**Data:**

○ ○ ○ ○ ○ ○ ○

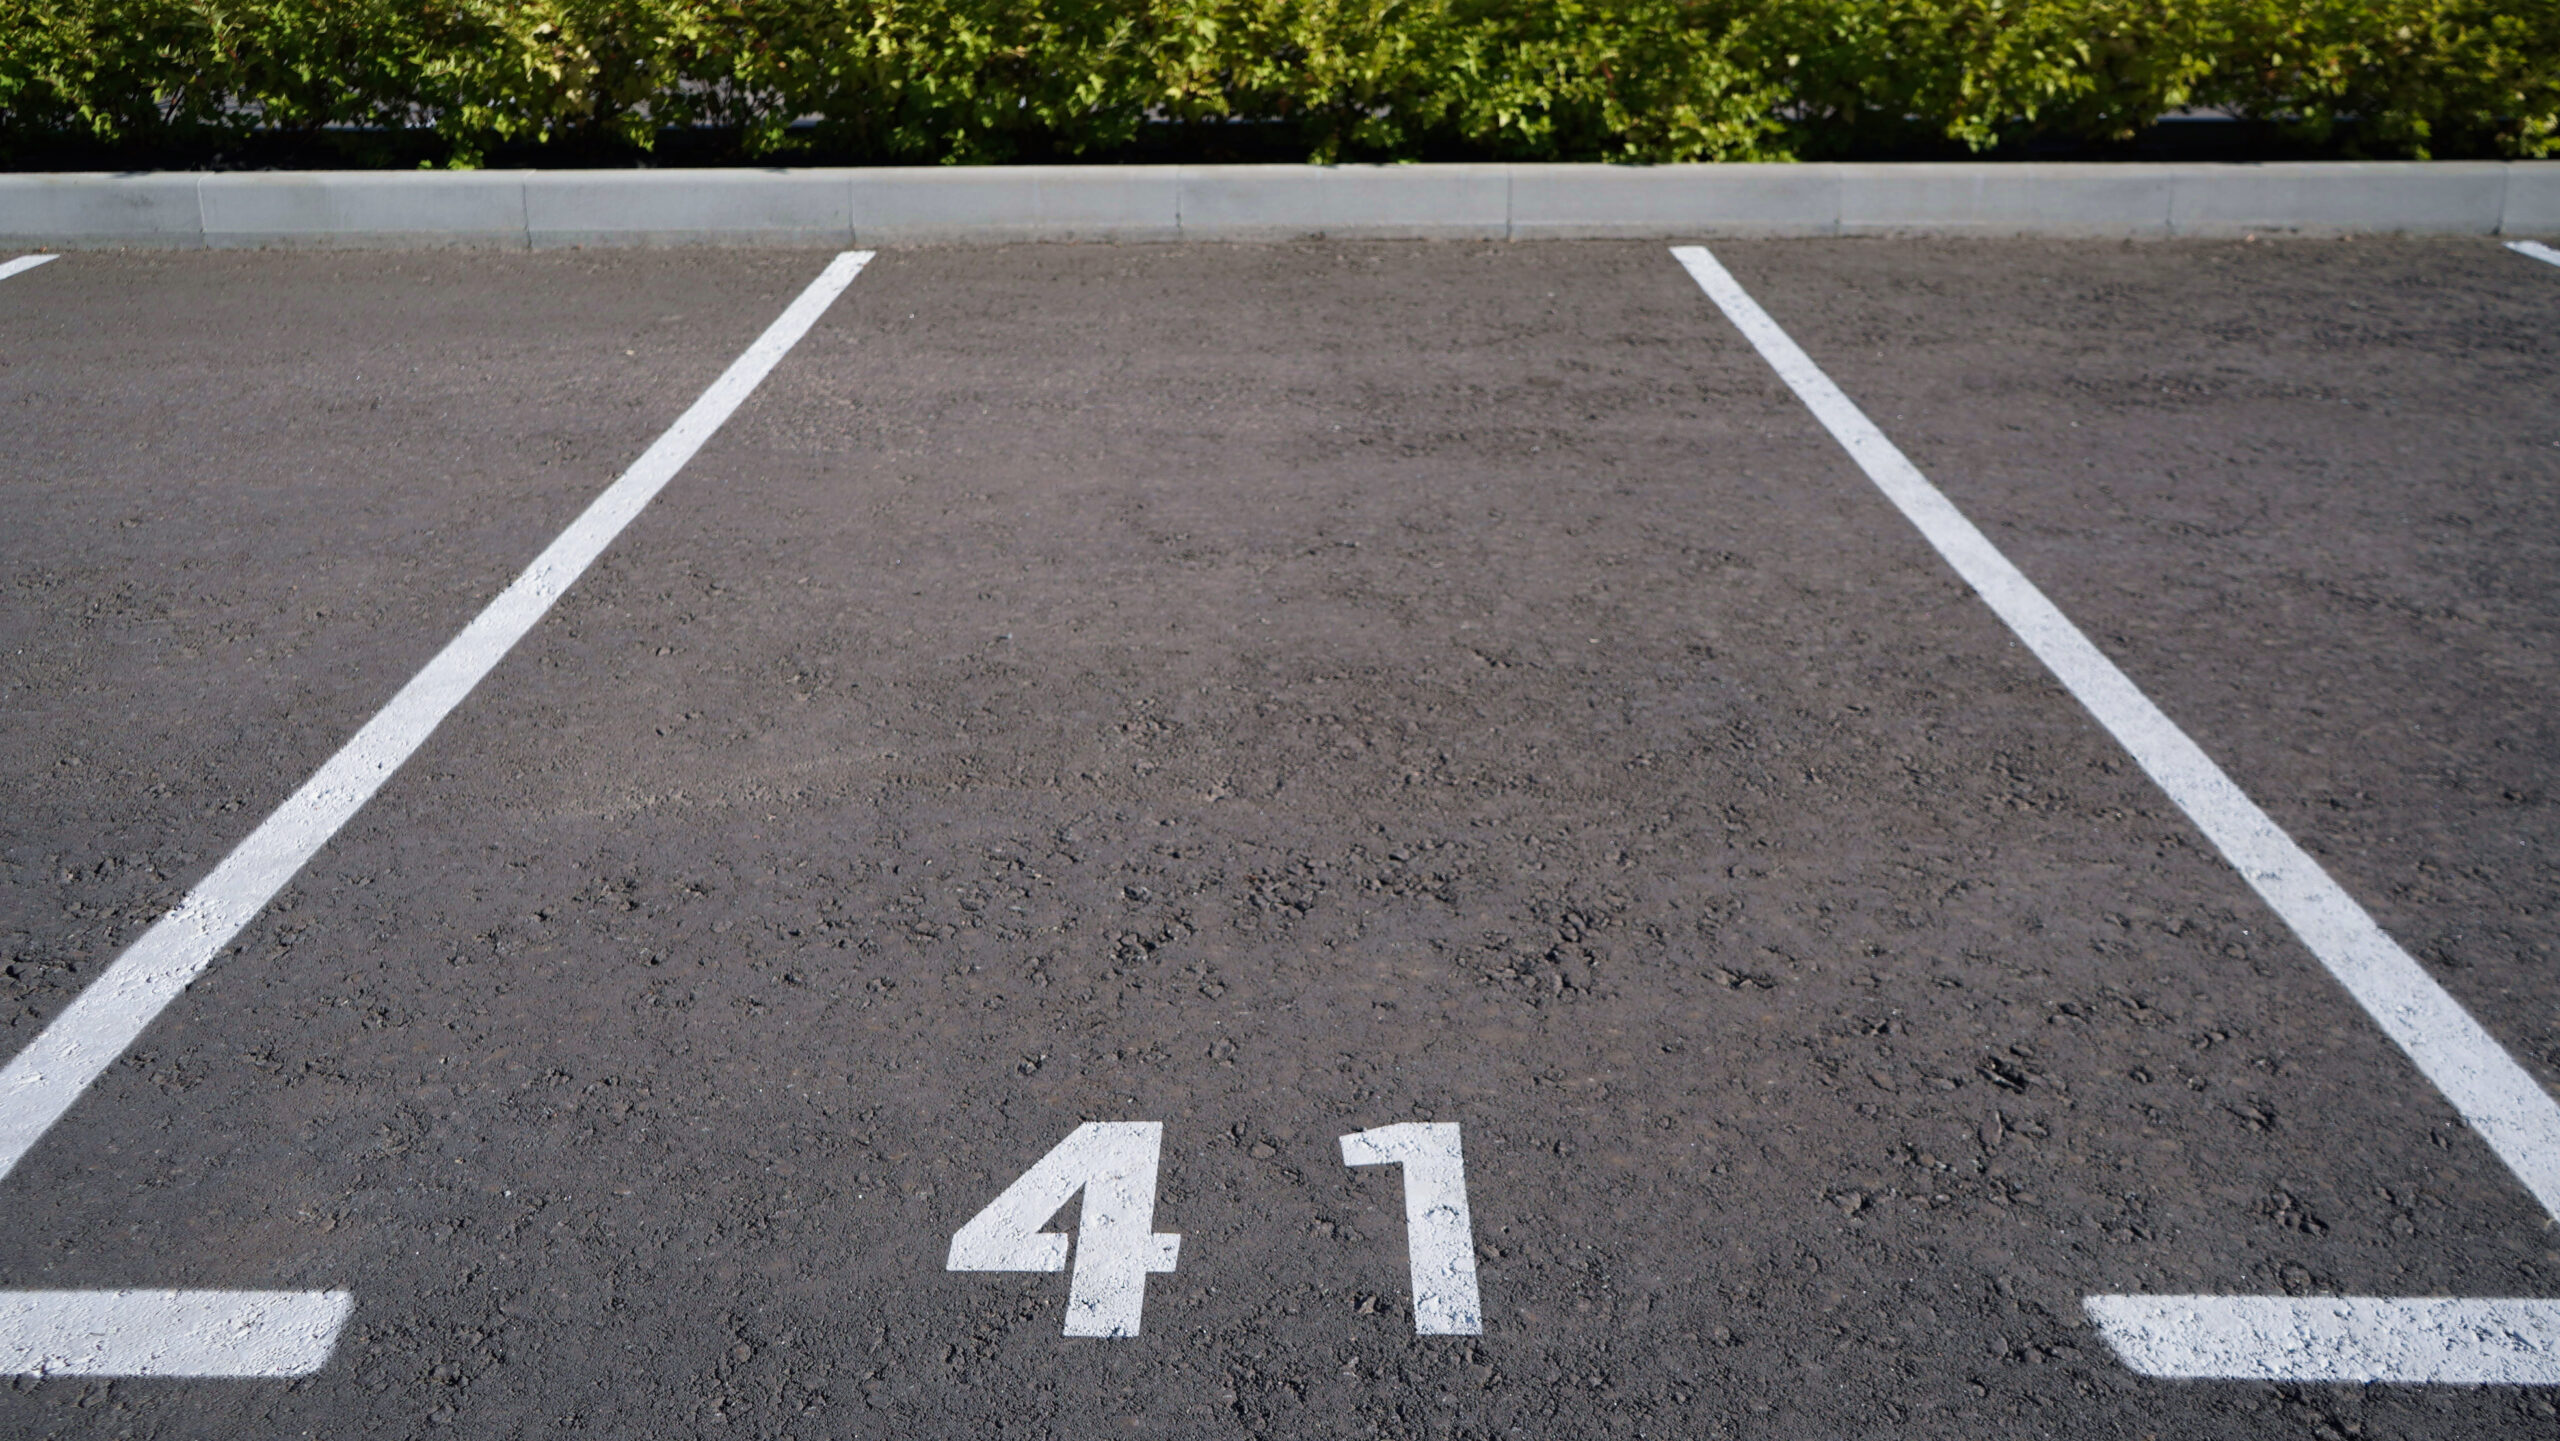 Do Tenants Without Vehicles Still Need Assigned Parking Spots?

○ ○ ○ ○ ○ ○ ○

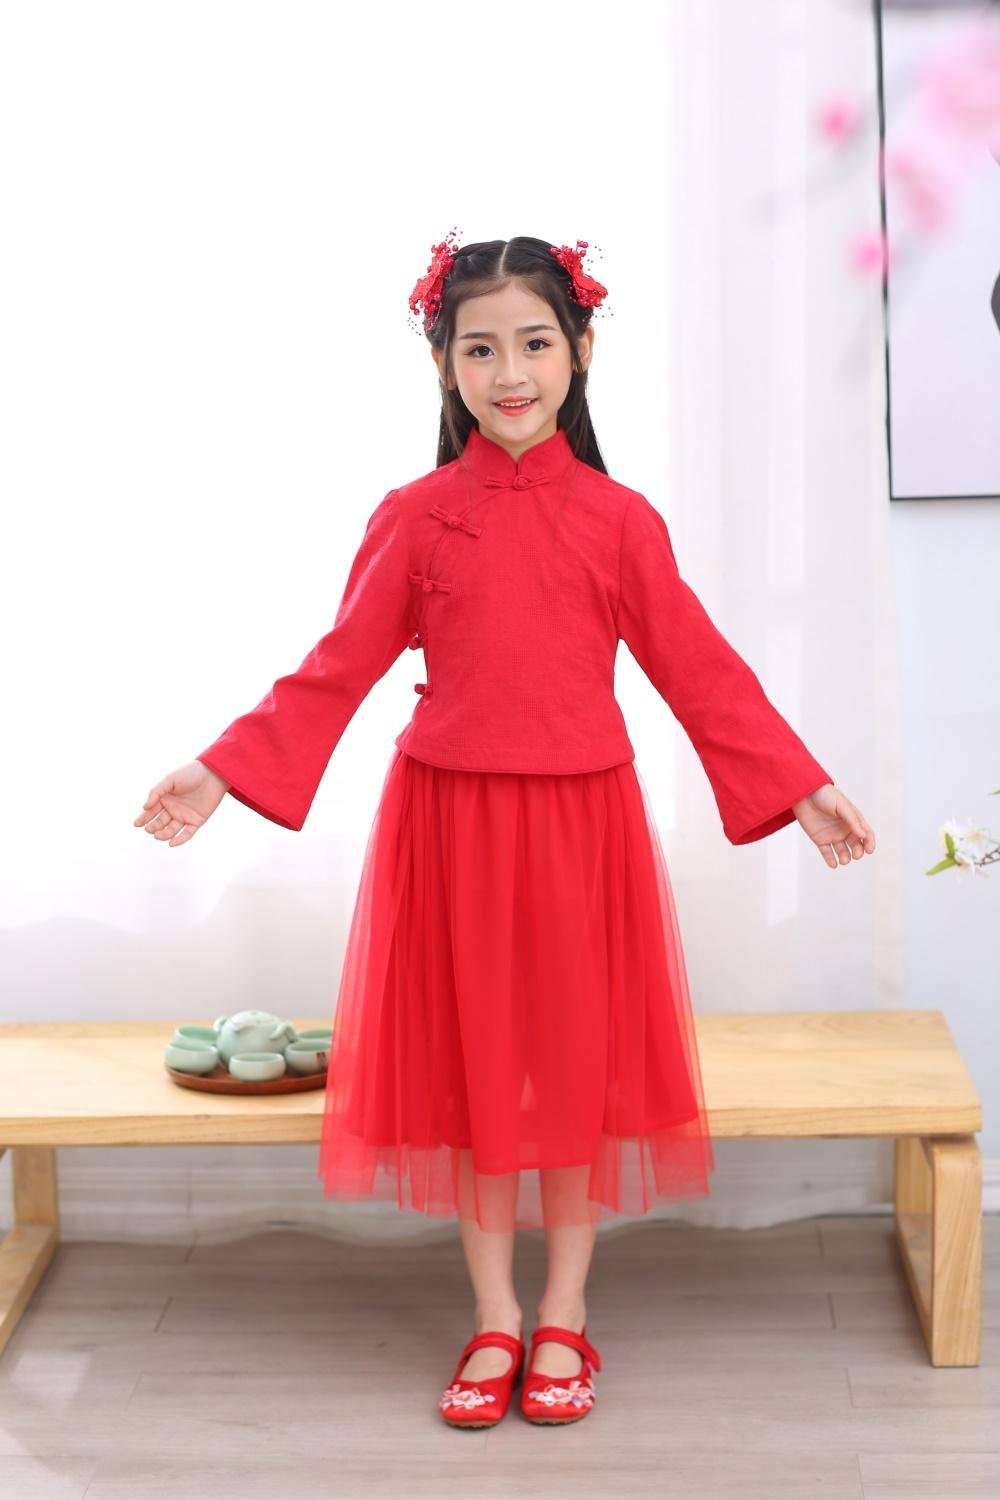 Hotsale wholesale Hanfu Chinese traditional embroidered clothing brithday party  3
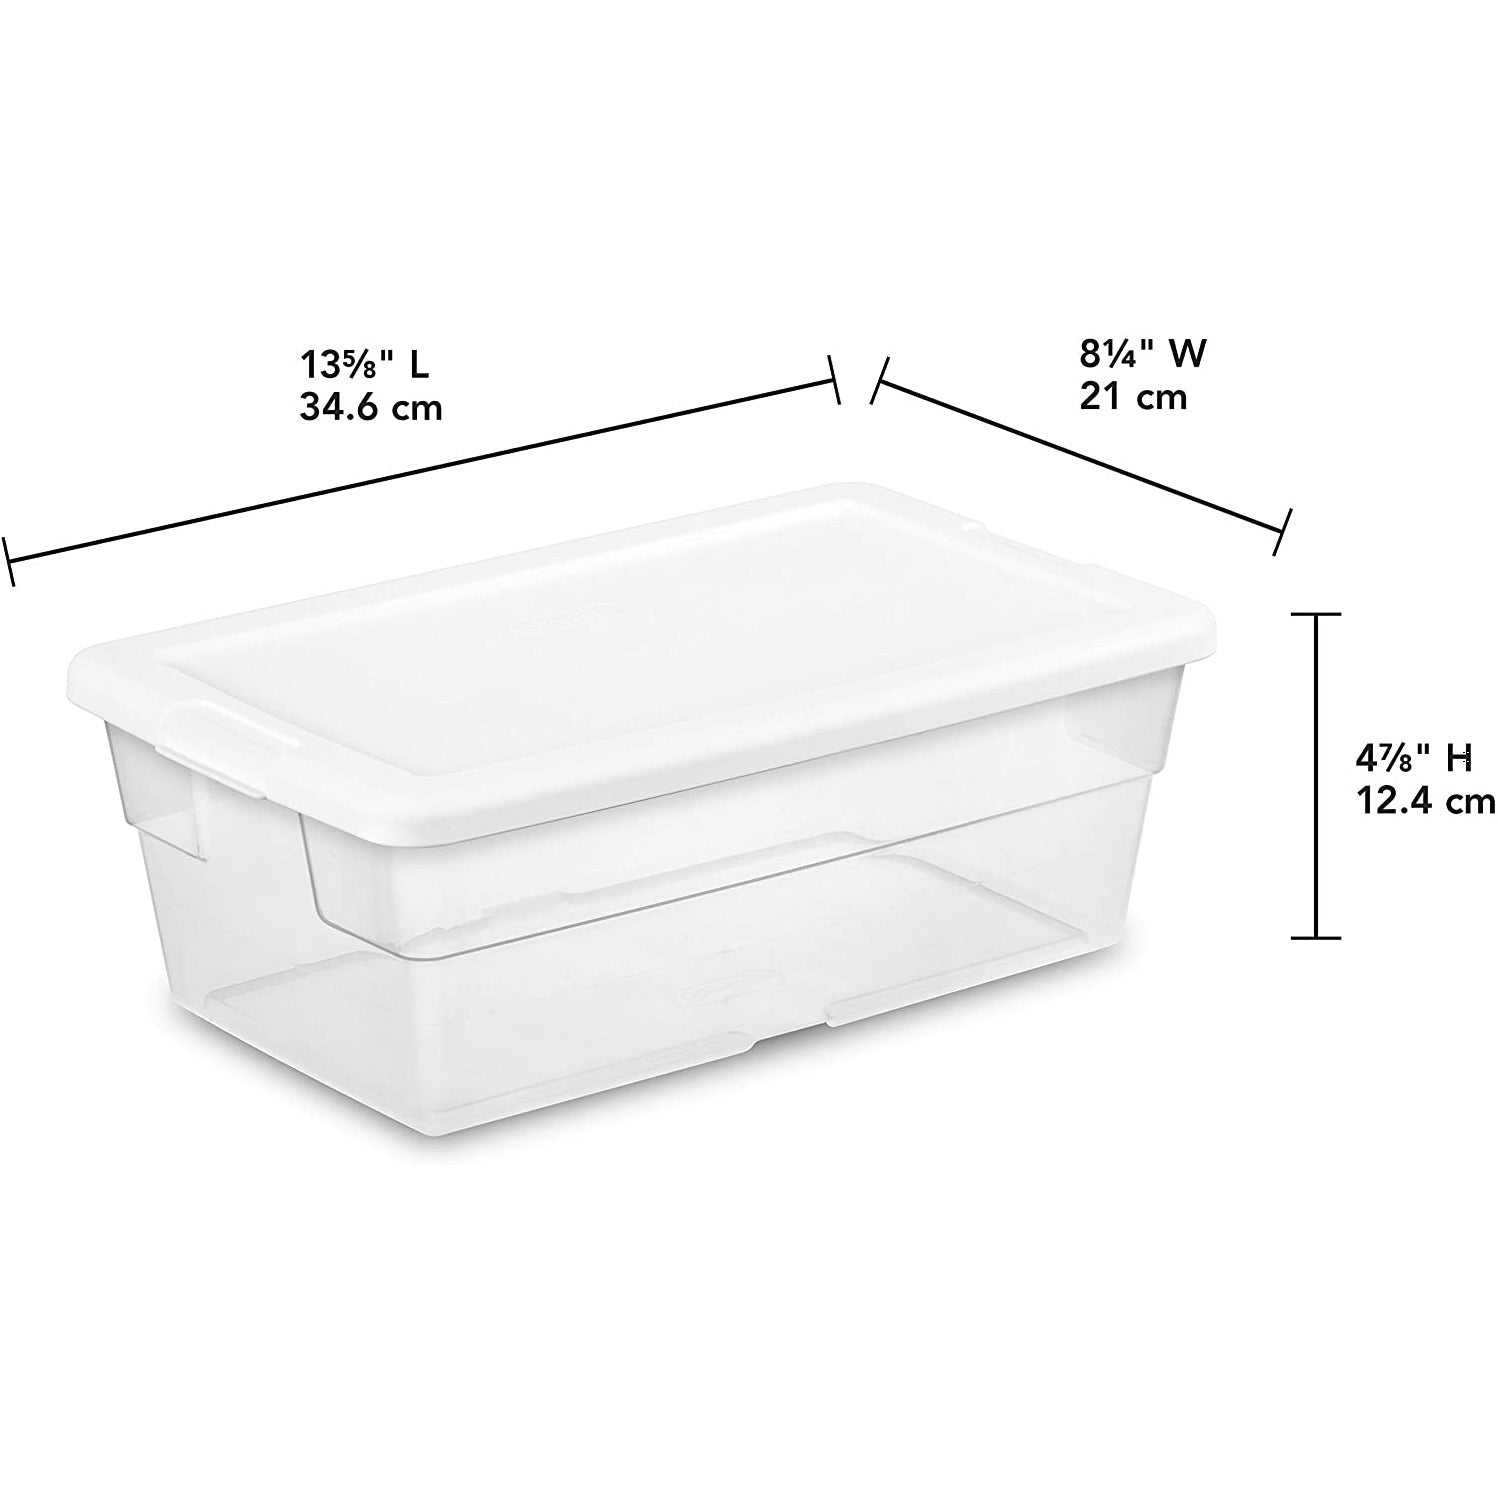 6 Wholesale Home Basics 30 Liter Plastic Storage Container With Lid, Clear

○ ○ ○ ○ ○ ○ ○

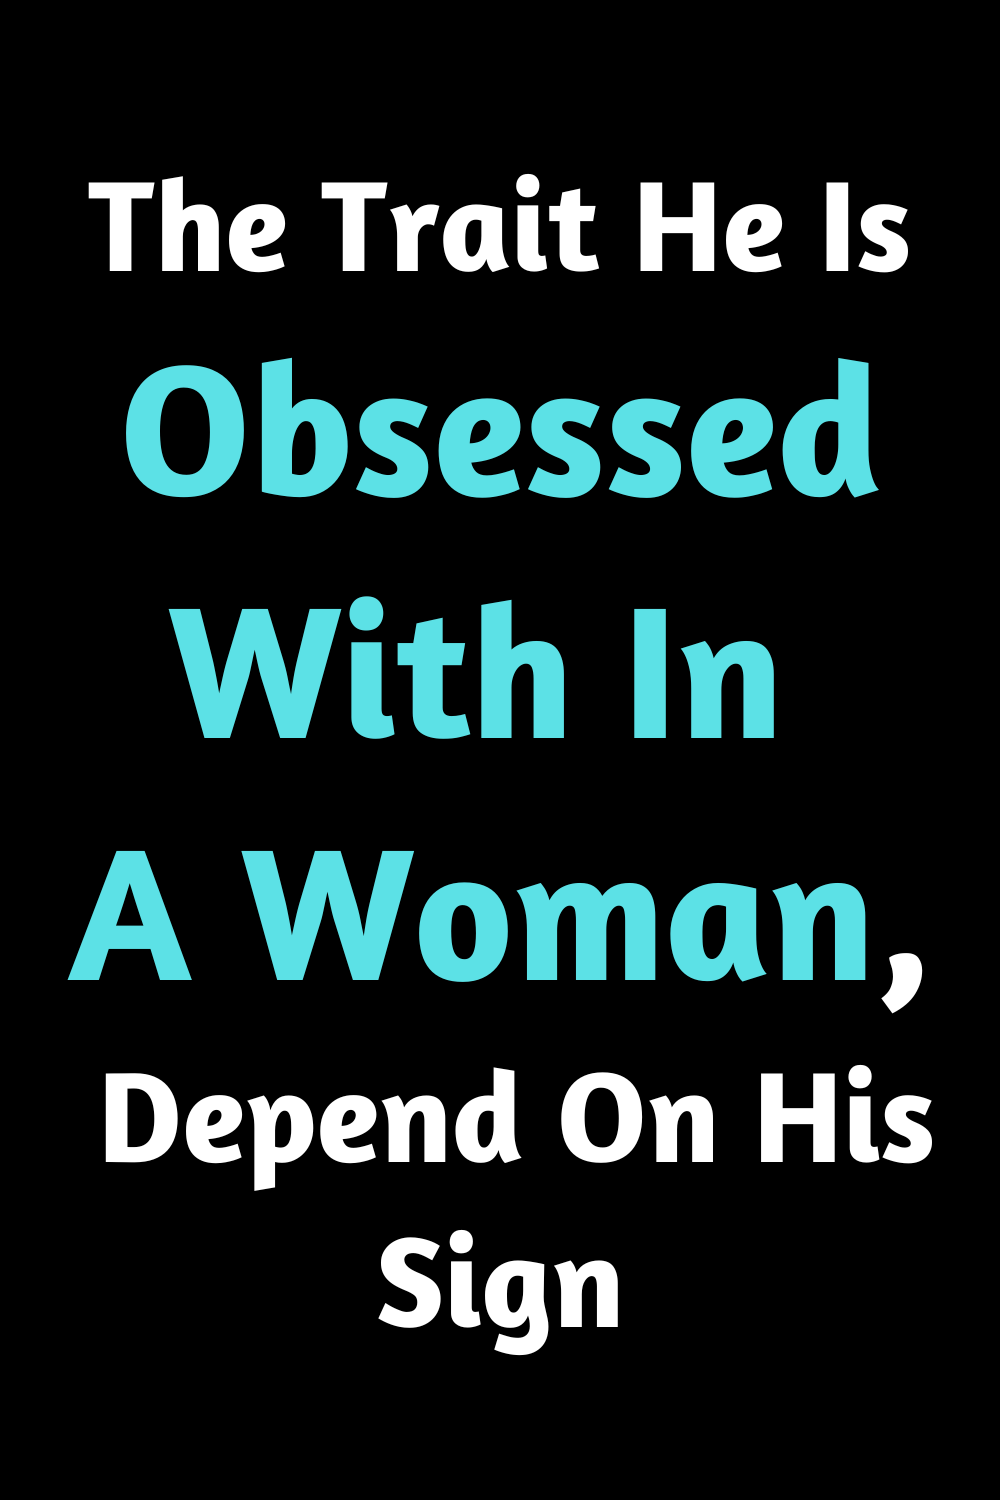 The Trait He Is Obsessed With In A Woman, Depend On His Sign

○ ○ ○ ○ ○ ○ ○

**Instructions to follow:**
Look above and copy only the lines from the one holding "Hotsale wholesale Hanfu" to the one holding "6 Wholesale Home", both included, exactly, minus the pictures.

**Your solution:**
 Hotsale wholesale Hanfu Chinese traditional embroidered clothing brithday party  3
 6 Wholesale Home Basics 30 Liter Plastic Storage Container With Lid, Clear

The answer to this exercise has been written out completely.